- Born: Alexander Orloff 1899 Rodome, Poland
- Died: 1979 (aged 79–80) Cormeilles-en-Parisis, France
- Education: School of Fine Arts, Ukraine
- Known for: Painting
- Movement: Cubism

= Alexandre Orloff =

Artist

Alexander Orloff also Alexander Konstantinovich Orlov (Russian: Александр Константинович Орлов; 27 January 1899 – 3 April 1979) is a painter of Russian origin, born in Rodome, Poland (according to other sources – in St. Petersburg), died in Cormeilles-en-Parisis, near Paris.

== Biography ==
Orloff spent his childhood in Voronezh in Russia . In 1924, he left Russia and settled in Prague, where he attended the Ukrainian School of Fine Arts and was a student of Serguej Mako. He exhibited in various galleries in Czechoslovakia and Poland. In 1933 he had a solo exhibition at the gallery Prague Karasek. He participated in several art associations, became an illustrator for "Praguer Press". He moved in 1933 to France, where he exhibited at the Salon des Tuileries, the Salon des Independants in the lounge of the Free Art and Exhibition of new realities . He participated in exhibitions of Russian-born artists from the School of Paris and other group exhibitions. He held personal exhibitions in 1969, 1973, 1975.

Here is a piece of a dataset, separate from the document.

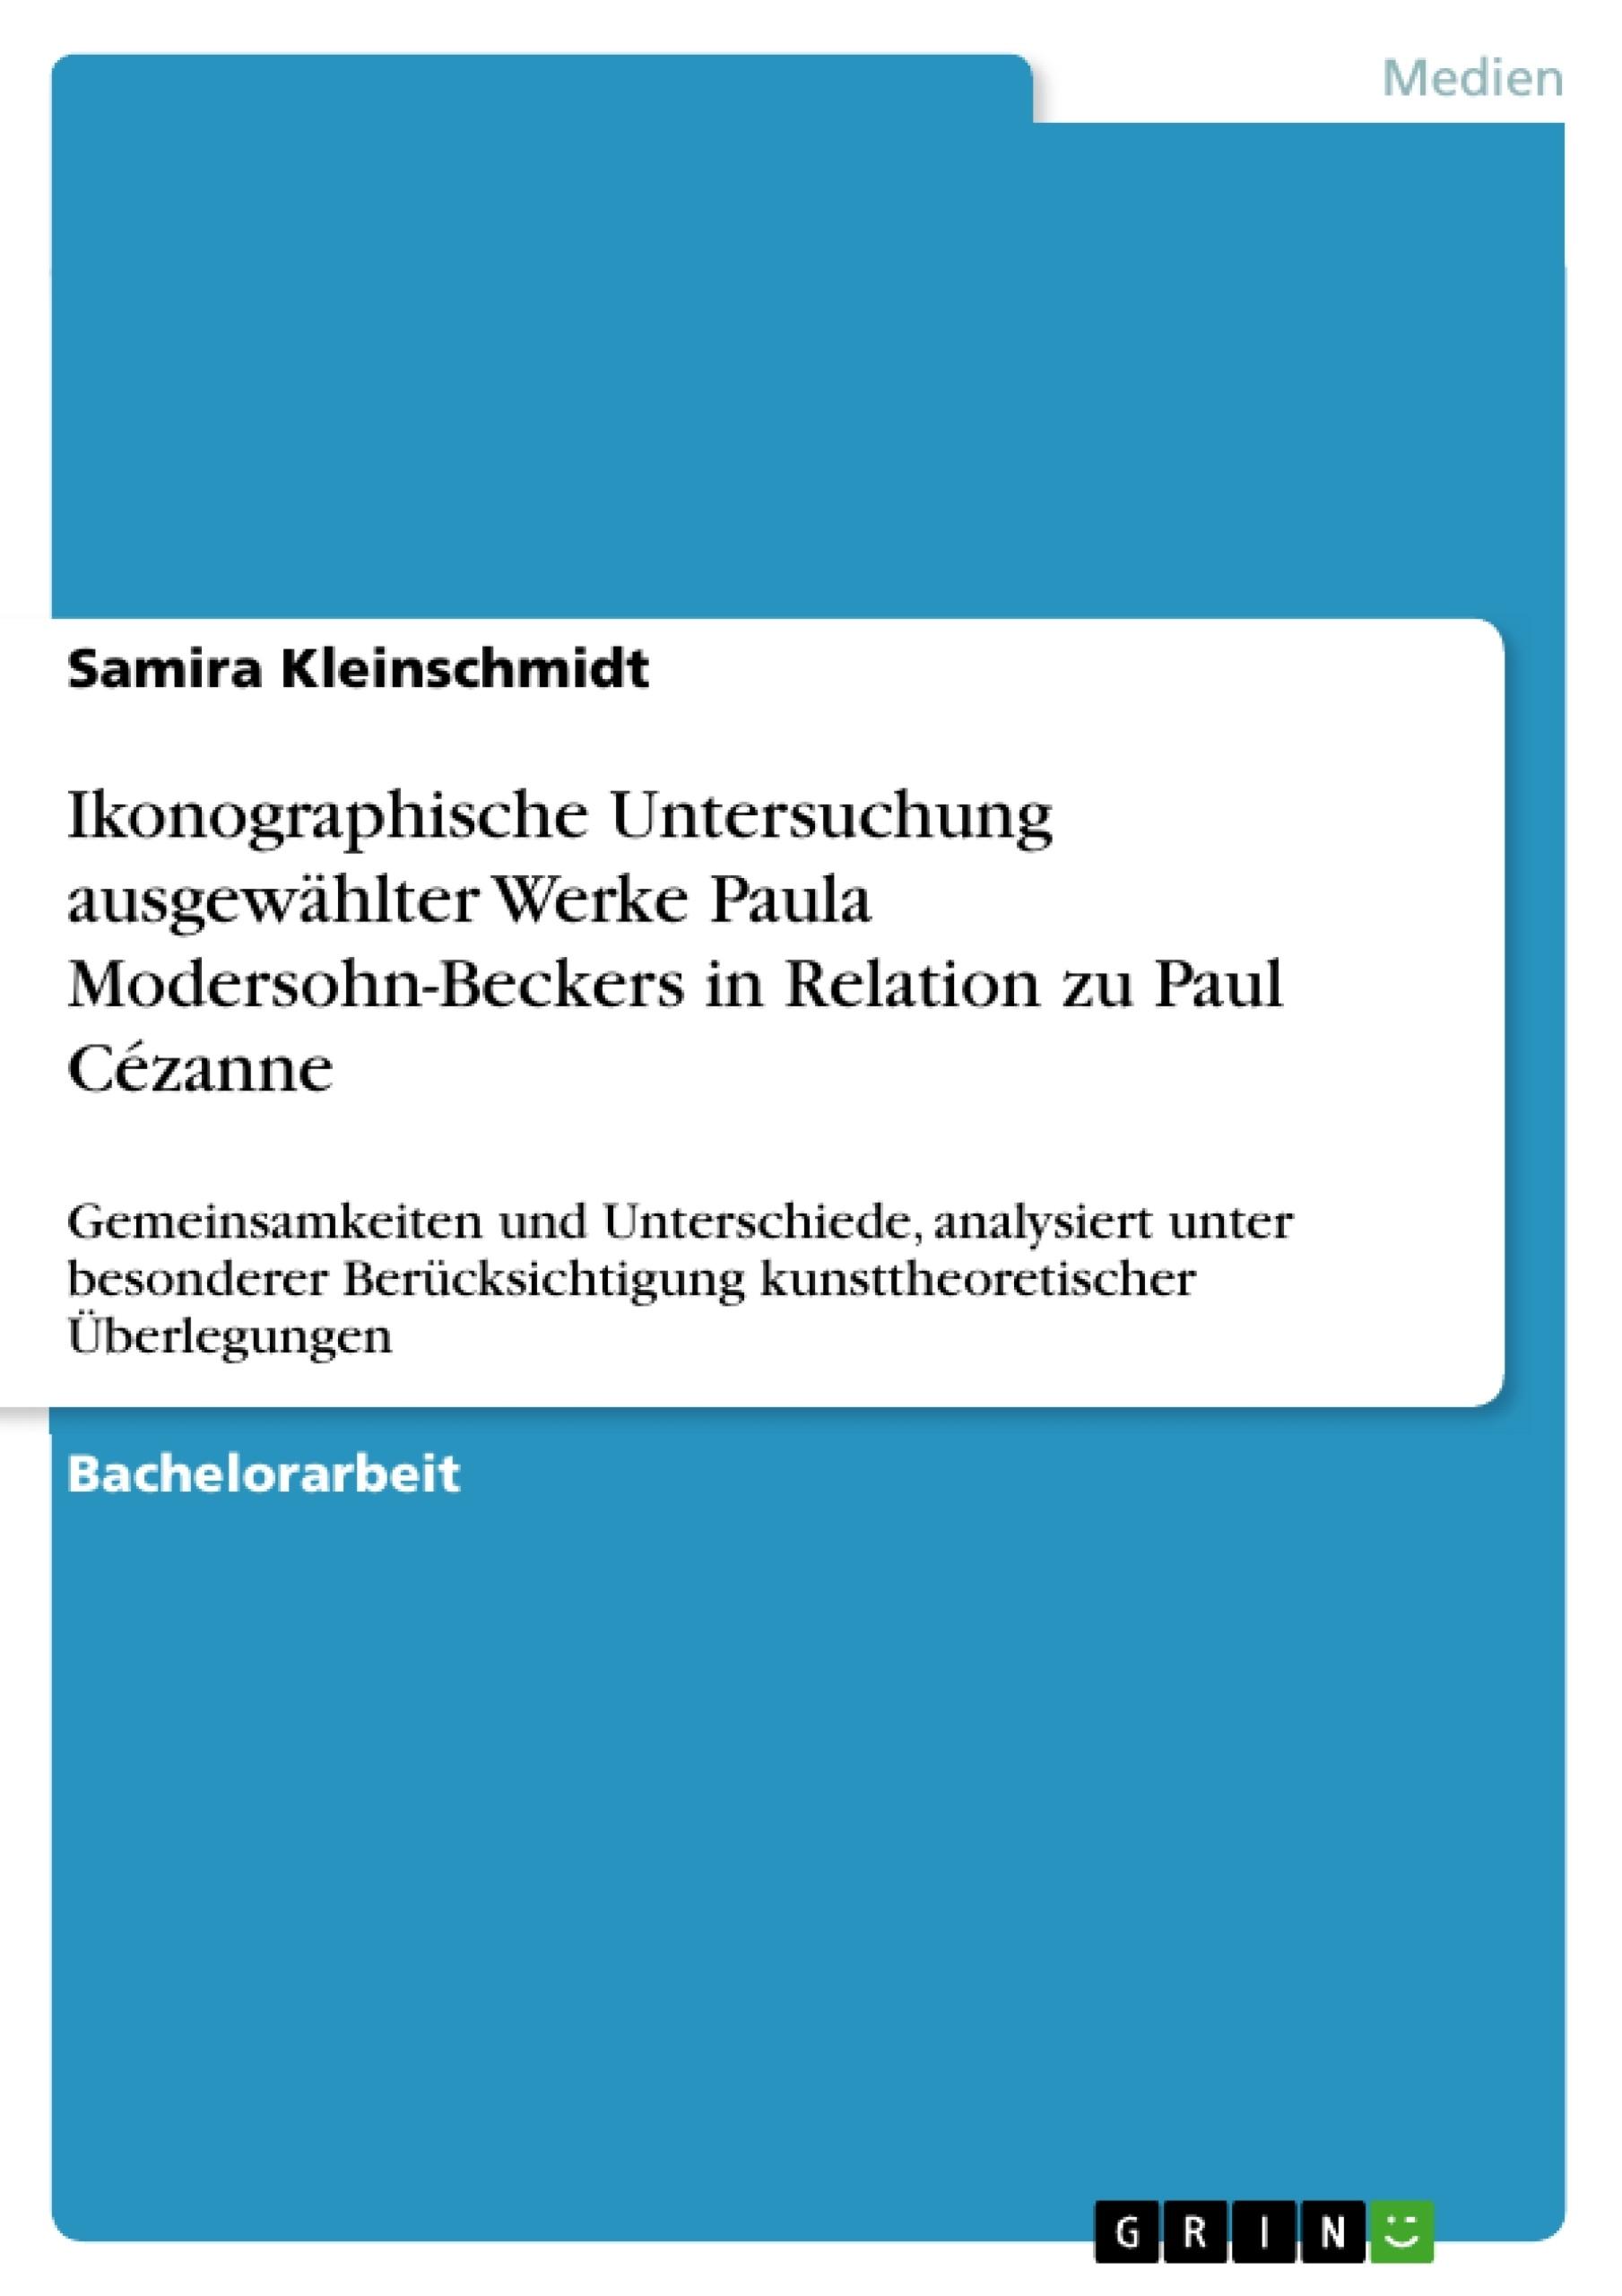 Titel: Ikonographische Untersuchung ausgewählter Werke Paula Modersohn-Beckers in Relation zu Paul Cézanne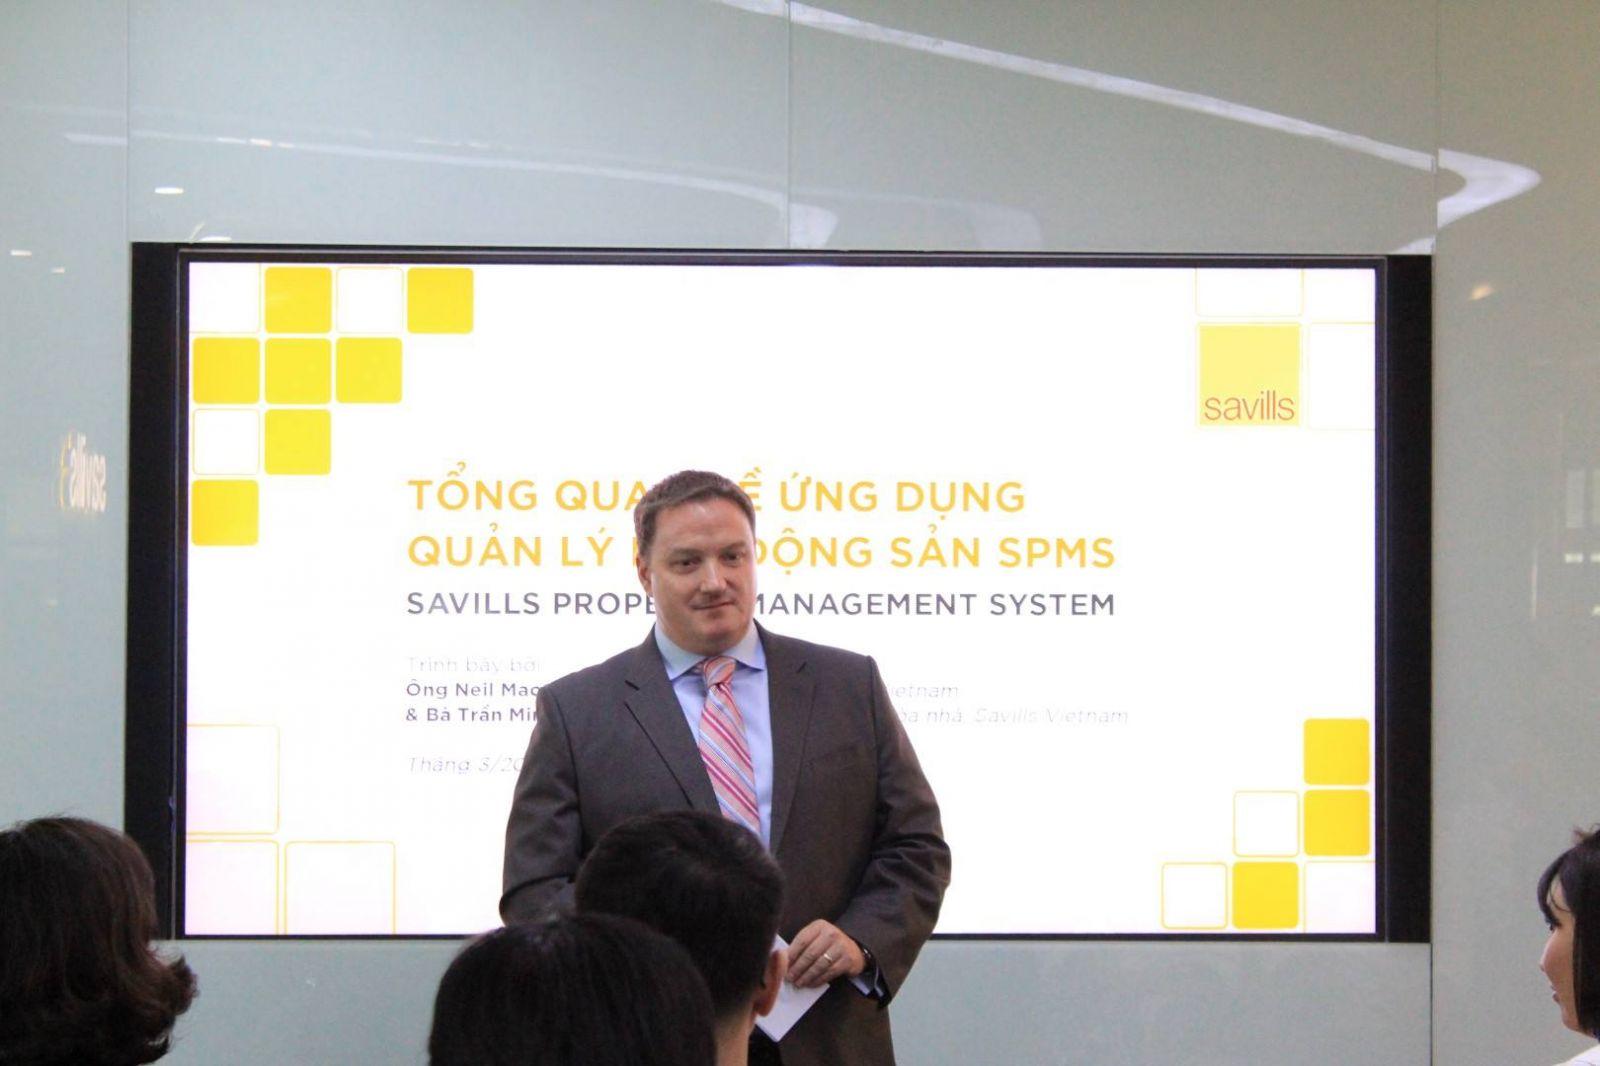 Ông Neil MacGregor, Tổng Giám đốc Savills Việt Nam phát biểu tại buổi ra mắt ứng dụng SPMS

He spent the last years of his life in the Zemgora Russian retirement home in Cormeilles-en-Parisis.

== Works ==
His Cubist work began in Prague. Orloff's painting, however, evolved to a more Symbolist style in the 1930s. After the war, he began to create abstract works in the vein of lyrical abstraction. He also painted landscapes, still lifes, indoor scenes, and portraits. A piece of his art, "Deep Thought", was sold through Sotheby's in 2006.

== Museums ==
- National Gallery in Prague
- Oscar Ghez Collection – formerly of the Petit Palais, Geneva

== Sources ==
- Lejkind, O., Mahrov, K., Severjuhin, D., Hudozhniki russkovo zarubezhja: 1917-1939: Biografitcheskij slovar.
- Sankt-Peterburg: Izdatel'stvo Notabene 1999.
- Paris Russian: 1910–1960. St. Petersburg: Palace Editions, 2003. (Catalogue of the exhibition shown at the Russian Museum in St. Petersburg, at the Von der Heydt-Museum Wuppertal and the Musée des Beaux-Arts, 2003–2004)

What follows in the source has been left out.